先生方は当然、自校の所在地の公立高校入試はご覧になっているはずです。では、それ以外の都道府県の問題はどうでしょうか。全国的に数年前と比較してどのような方向に変化し、今後どうなっていくと予測できるでしょうか。
自校の入試問題を今後変えていくかどうかにかかわらず、変化をつかんでおくことは非常に重要です。我々もまだ令和5年度の入試問題については分析中ですが、数年単位でみるとさまざまな変化が見受けられます。たとえば国語であれば、複数の文章を組み合わせた出題や、文章と関連する資料をもとに考察させるなど、単一素材のみの読解でない形式が増えています。社会は1つの大問で地理・歴史・公民を融合させた問題も見受けられます。英語では資料の内容を読み取り、考察した内容を書かせる英作文が出題されています。数学ではPCやタブレットの描写ソフトを用いて点や線分を動かす設定の問題が増えました。理科の実験に関する問題では、初めに仮説を立てそれを実証していくスタイルが多く見受けられます。

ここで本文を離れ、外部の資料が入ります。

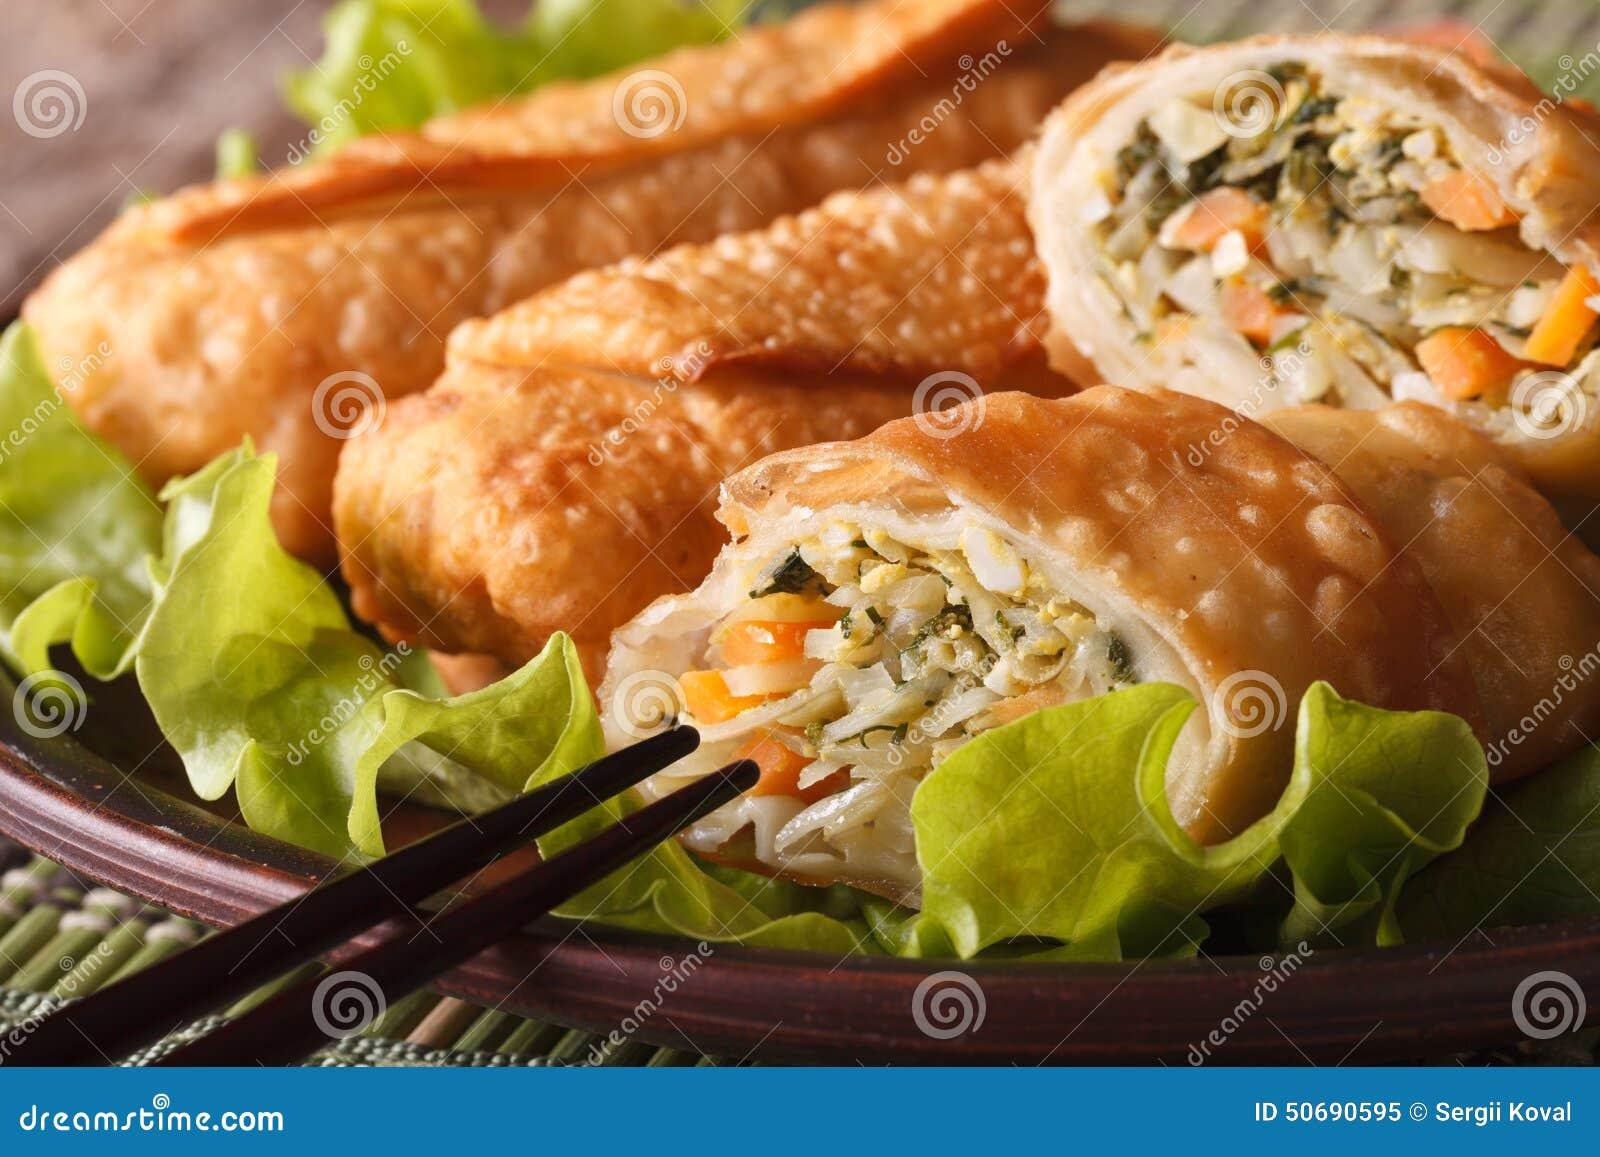 Download 亚洲人油煎了在板材宏指令切的春卷,水平 库存图片. 图片 包括有 没人, 部分, 膳食, 昏暗, 快餐, 聚会所 - 50690595

こうした変化は、「受験生に求める力」が変化していることによって生まれます。新たな形式をとることにどんな意味があるのか、どんな力を測ろうとしているのか、自校の教育方針と併せて考えるとこのような出題も今後取り入れていくべきかもしれない……などと考察することが、今やっておくべきことです。
もちろん、公立校の新しい傾向に合わせて入試問題を常に変えていくべきだということではありません。傾向が大きく変わると受験生が対策できないというリスクもありますし、自校のこだわる部分は堅持すべきです。ただ、入試問題は経年変化を調査するためのものではありません。学校が求める力を受験生が有しているかどうかを測るものです。
常に新しい問題を見て分析すること、広く全国の問題を見て傾向をつかむこと。入試問題の作問者には、こうした視点と研究に費やす時間がどうしても必要なのです。